I
A aldeia respirava outros ares
naquele prenúncio de primavera. Osmar fumava seu cachimbo de roseira, perto de
uma cancha de futebol, na vasta área militar do lugar, com um istmo
interessante que dava a vista para a ilha, suas luzes que começavam a despontar
em torno dos turvos ocasos. Um barco perto da orla mostrava uma letra
manuscrita a estibordo, perto da proa, uma boa embarcação, em que dois jovens
rapazes e um navegador veterano lançavam ao mar, com a haste vertical e sua
rede pronta, de espinhéu, para uma pesca no meio da baía, aquela baía extensa
que reunia em sua orla os bairros do continente. Conversavam entre si, pegavam,
já com o motor da embarcação ligado, cestos, baldes, provisionamentos e farnéis
de charque, açúcar, tabaco e uma garrafa de pinga para Elias, que apenas iria a
passeio.
Osmar chegara há pouco tempo no
bairro. Viera a pedido de uma senhora que havia perdido o marido em
circunstâncias meio duvidosas. A causa da morte havia sido afogamento, mas onde
foi encontrado o corpo era bem distante de seu apartamento, e ele não voltara
naquela noite, conforme seu hábito de chegar sempre à mesma hora, quando
fechavam a loja de departamentos onde trabalhava, em uma área mais
congestionada do bairro, este que se chamava Amendoeiras. Justamente naquela
zona onde morava um bom número de militares da reserva havia alguns ranchos de
pescador, e perto do terceiro rancho, em um pequeno molhe, em sua ponta, foi
encontrado o corpo de Anselmo. Quem o encontrou foi um homem de segurança
privada que parou a moto para fumar um cigarro, haja vista a jaqueta do morto
ser alaranjada, ainda com o uniforme de trabalho. Repetindo: causa da morte por
afogamento. O delegado Osmar colocou à disposição do trabalho três de seus
subordinados para investigar a área, enquanto Osmar pensava sobre essa equação
que indicava algo mais do que acidente ou suicídio, conforme relatara a mulher
da vítima. Algo indicava uma quebra de rotina, a distância onde ocorrera a
morte e, principalmente, um teaser que fora encontrado perto de uma capela
localizada em um sutil promontório natural que servia como um mirante.

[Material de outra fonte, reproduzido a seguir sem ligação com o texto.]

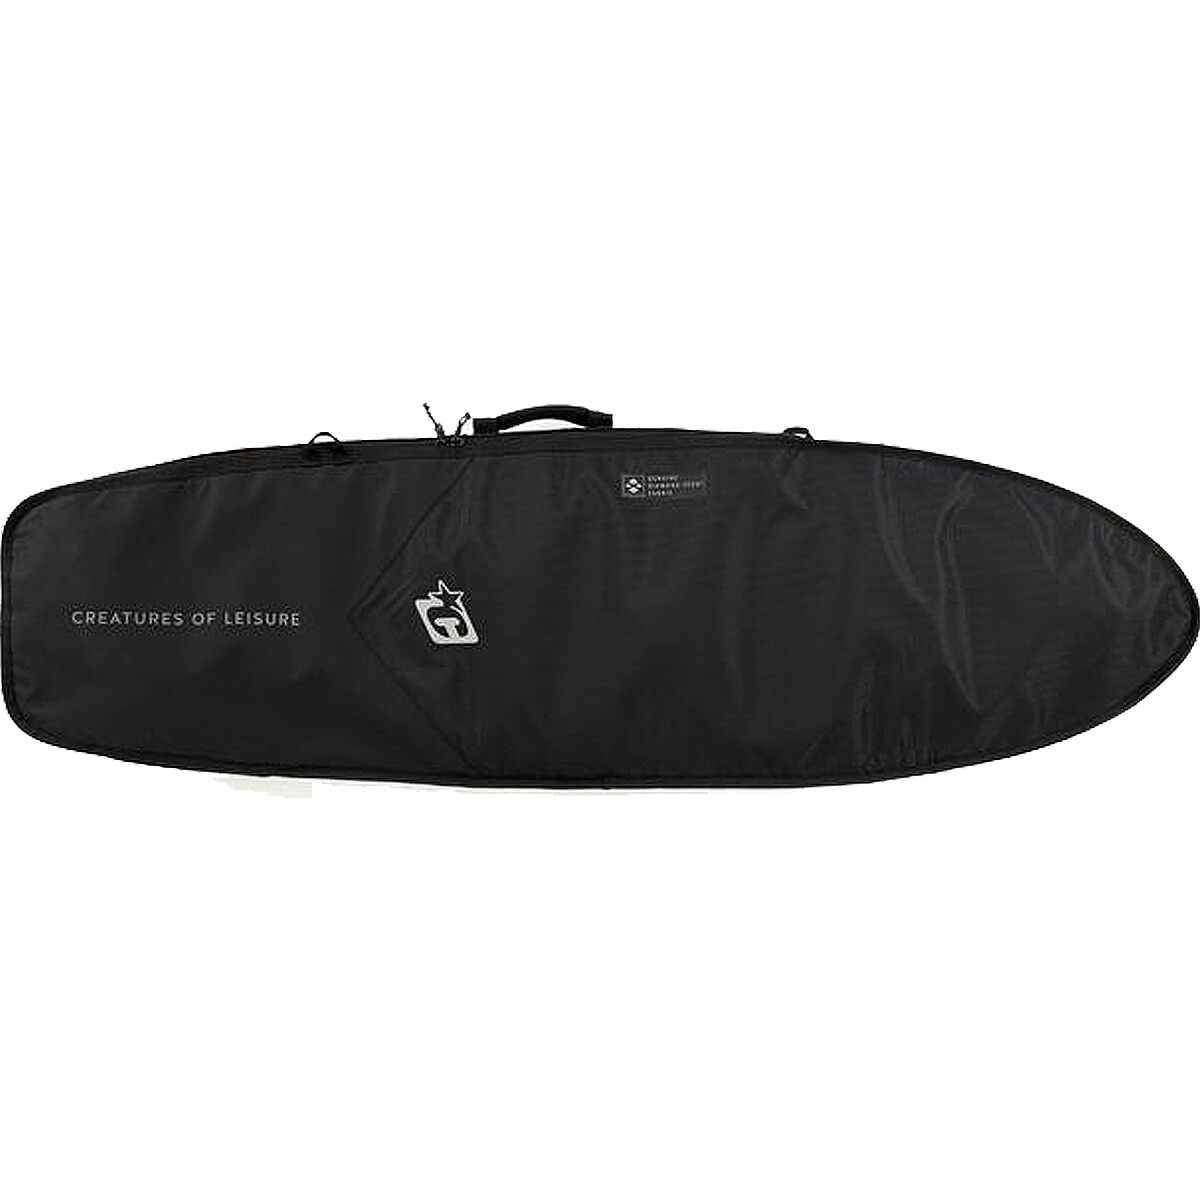 Creatures of Leisure Fish Travel DT 2.0 Surfboard Bag

Osmar
fumava e tocava seu amuleto, um antigo colar de contas que ele conservava como
recordação e tinha a mania de ficar contando pedra por pedra, nessas horas em
que esperava maiores evidências ou maiores pistas. Observava alguns pássaros
que vinham em profusão quando um homem dava alguns peixes. Levantou-se e foi
falar com os pescadores que estariam saindo com o barco. Quando se aproximou
com a jaqueta marrom mais antiga, os sapatos lustrados e seu boné, olharam meio
de soslaio, como quem nota visivelmente a presença de um forasteiro. Elias
olho-o e esperou que Osmar chegasse mais perto. Franzia o sobrecenho num
trejeito de bêbado. Chamou-o.
- Convenhamos, estamos no meio de
uma confusão sem tamanho. – Meio estrábico, Elias olhava por sobre, num viés de
expressão dura, mas ao mesmo tempo gracejava, indiferente. Os outros pescadores
apenas se aquietaram e Osmar se dirigiu a um com farto bigode, que de qualquer
modo parecia mais receptivo.
- Há alguém que more nestes ranchos,
ou que cuida dos barcos à noite? – Perguntou.
- Sim, respondeu o de bigode.
Trabalha como guarda noturno e vigia os ranchos.

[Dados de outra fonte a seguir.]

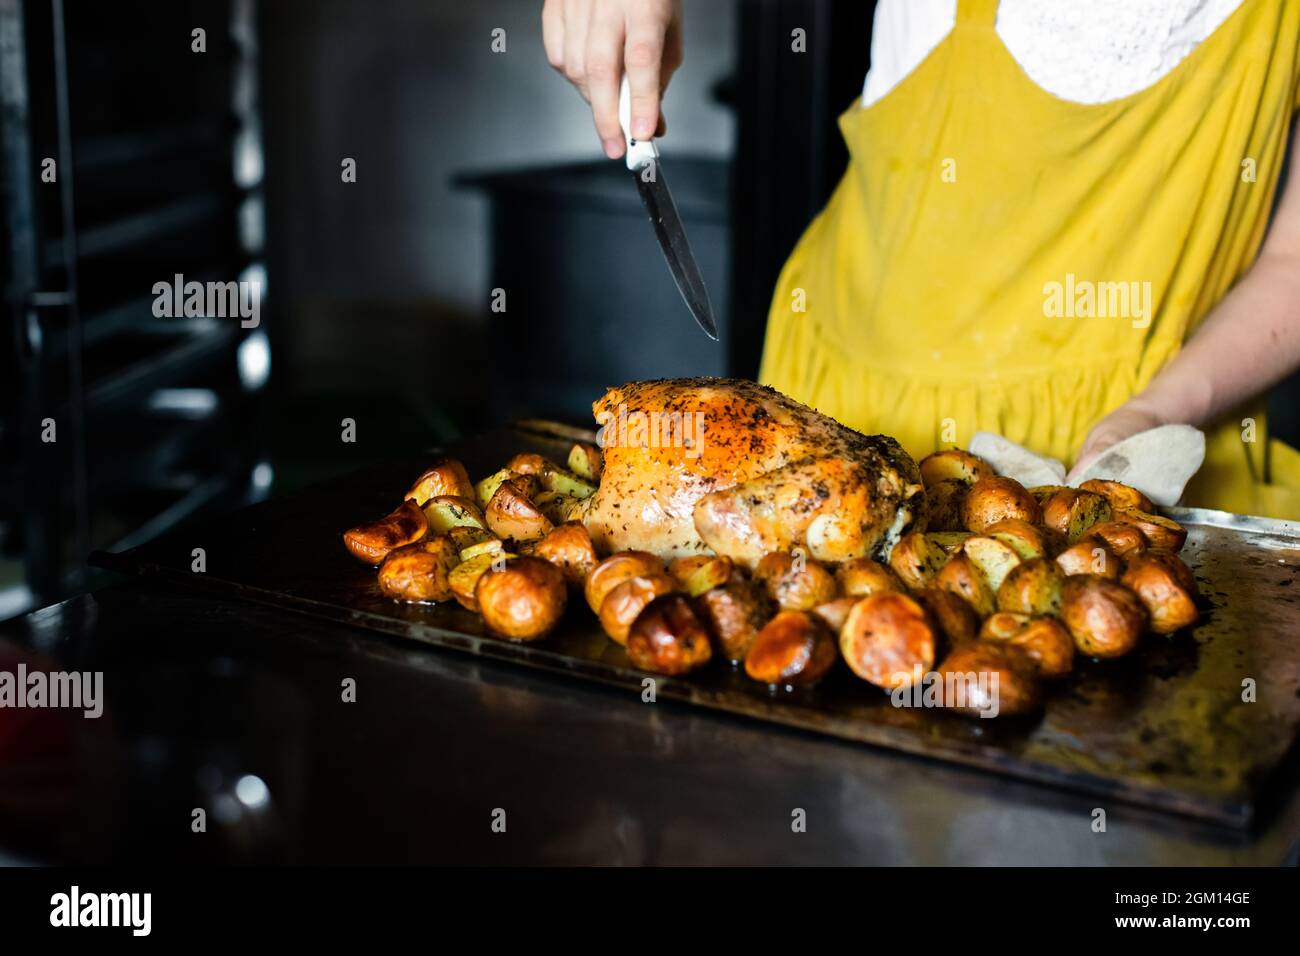 A woman cuts chicken with potatoes on a baking counter Stock Photo

- Desde que horas até que horas?
- Cerca das dez da noite até às
quatro e meia, cinco horas.
- Onde eu posso encontra-lo?
- Ele mora a quatro quarteirões
daqui. Trabalha também como frentista na parte da manhã. O senhor pode encontrá-lo
a esta hora no posto de gasolina Imperador Lineu.
- Fora ele, ficou mais alguém aqui
nesta madrugada?
- Olhe, tomamos um pouco de pinga
ontem, eu saí às nove. Geralmente nos reunimos depois do trabalho para
conversarmos. Temos esse hábito, mas sempre voltamos para a nossa casa mais
cedo.
- Algum de vocês porta um teaser?
- Não sei do que está falando,
senhor...?
- Inspetor Osmar, da homicídios.
Encontramos um perto da capela, usado. Você não sabe o que é um teaser?
- Não, isso eu sei, senhor... Mas
quem...
- Por enquanto é só, não saiam da
cidade, já que estamos averiguando tudo. Quero apenas que anotem meu telefone
e, se possível os pescadores dos ranchos todos pelas sete e quinze da noite
amanhã. Quero todos aqui. Por enquanto é só.